Помню, как Л.Н. говорил, кажется, по поводу книги Яроцкого:
– Духовная жизнь еще более сложна, чем материальная. Сказать про человека, что он хороший, дурной, умный или глупый – большая ошибка.
Меня заставили петь. Я исполнил несколько романсов русских композиторов. Аккомпанировала Татьяна Львовна и приехавшая из Тулы Надежда Павловна Иванова. Л.Н. слушал из своего кабинета. После он пришел и сказал, что «Жаворонок» Глинки ему не нравится, но что я будто бы прекрасно спел глинковское же «Я помню чудное мгновенье» (под аккомпанемент Татьяны Львовны).
И опять поздно вечером, когда я принес в кабинет для просмотра письма, Л.Н. говорил:
– Я всё боюсь за вас, чтобы вы не раскаялись в том, что избрали такой путь… Вы так молоды, и в вашей жизни еще так много впереди.
28 февраля
Утром приходили опять казаки, чтобы проститься, и революционер, который был очень рад помощи Л.Н. Кроме них, приезжали повидаться с Толстым муж и жена, малороссийские помещики, славные степные люди. Они пришли нарядные, волнуясь. Л.Н. принимал их в гостиной. Сколько я могу судить, беседа была серьезная и нужная для супругов. Оба вышли из гостиной растроганные, в слезах.

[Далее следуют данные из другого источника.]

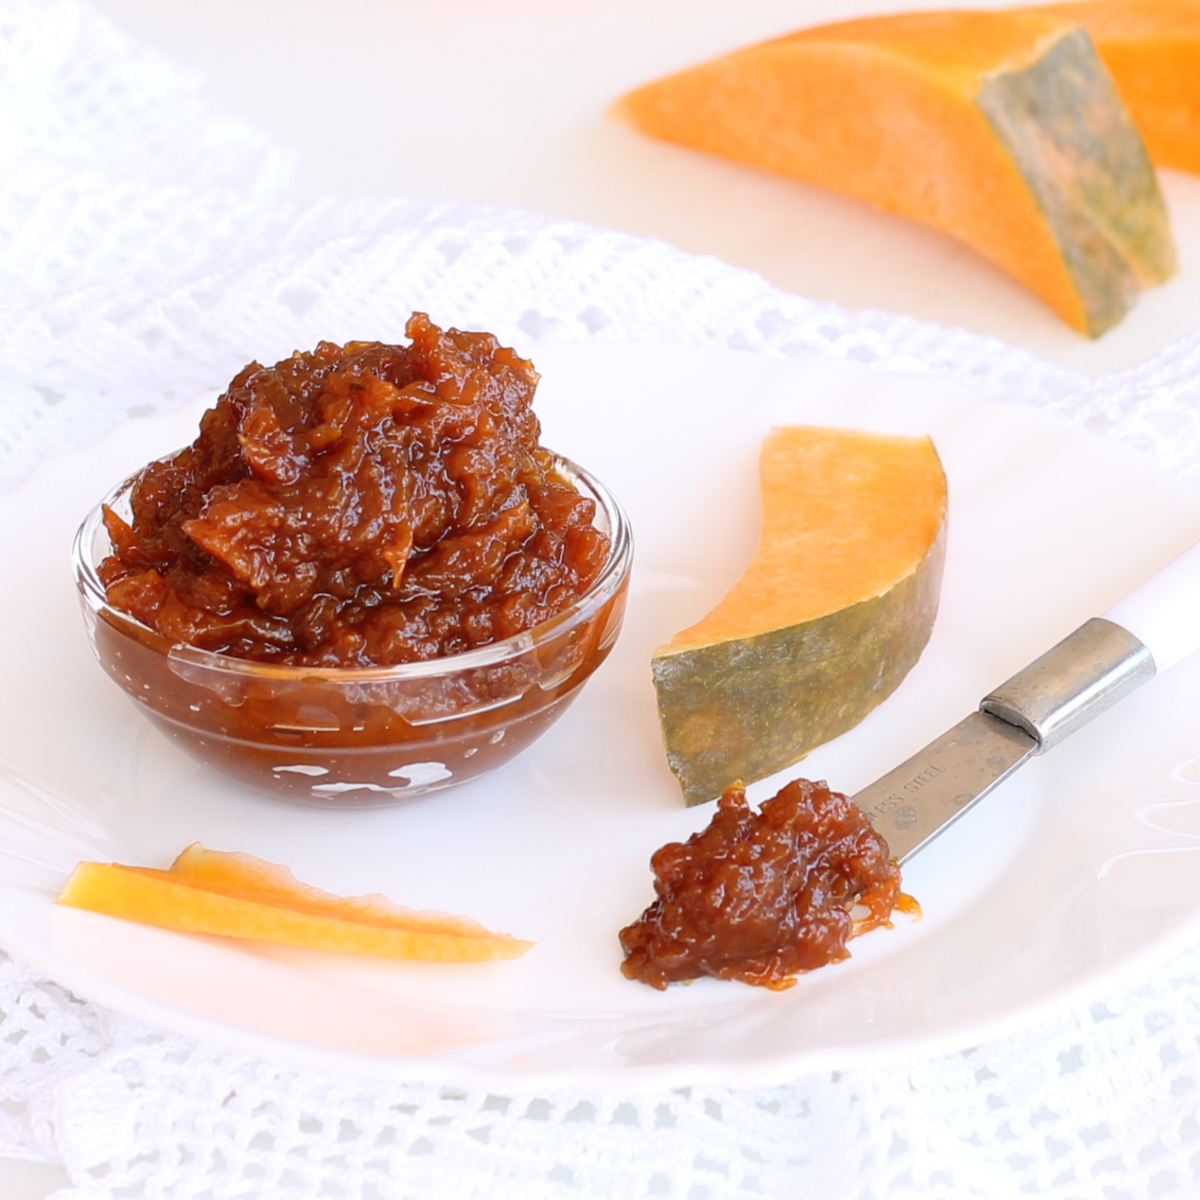 RICETTA MARMELLATA DI ZUCCA facile | per dolci e formaggi stagionati

Здоровье Л.Н. сегодня немного лучше. После завтрака он ездил в санях кататься, а это служит хорошим признаком. Сегодня он получил стихи из Тобольска. Ему показалось, что это от смотрителя каторги, и Толстой хотел ему ответить, что печатанием и просмотром стихов не занимается. Но письмо оказалось от каторжанина, нуждающегося при этом в деньгах. Тогда Л.Н. решил переслать стихи в какой-нибудь журнал. По моему предложению, он послал их Якубовичу-Мелыпину в «Русское богатство».
Между прочим, Л.Н. надо было послать три посылки с запрещенными изданиями «Обновления»[14]. Он просил собрать книги, а адрес надписать хотел сам, чтобы не подвести меня. Я, впрочем, не стал его затруднять.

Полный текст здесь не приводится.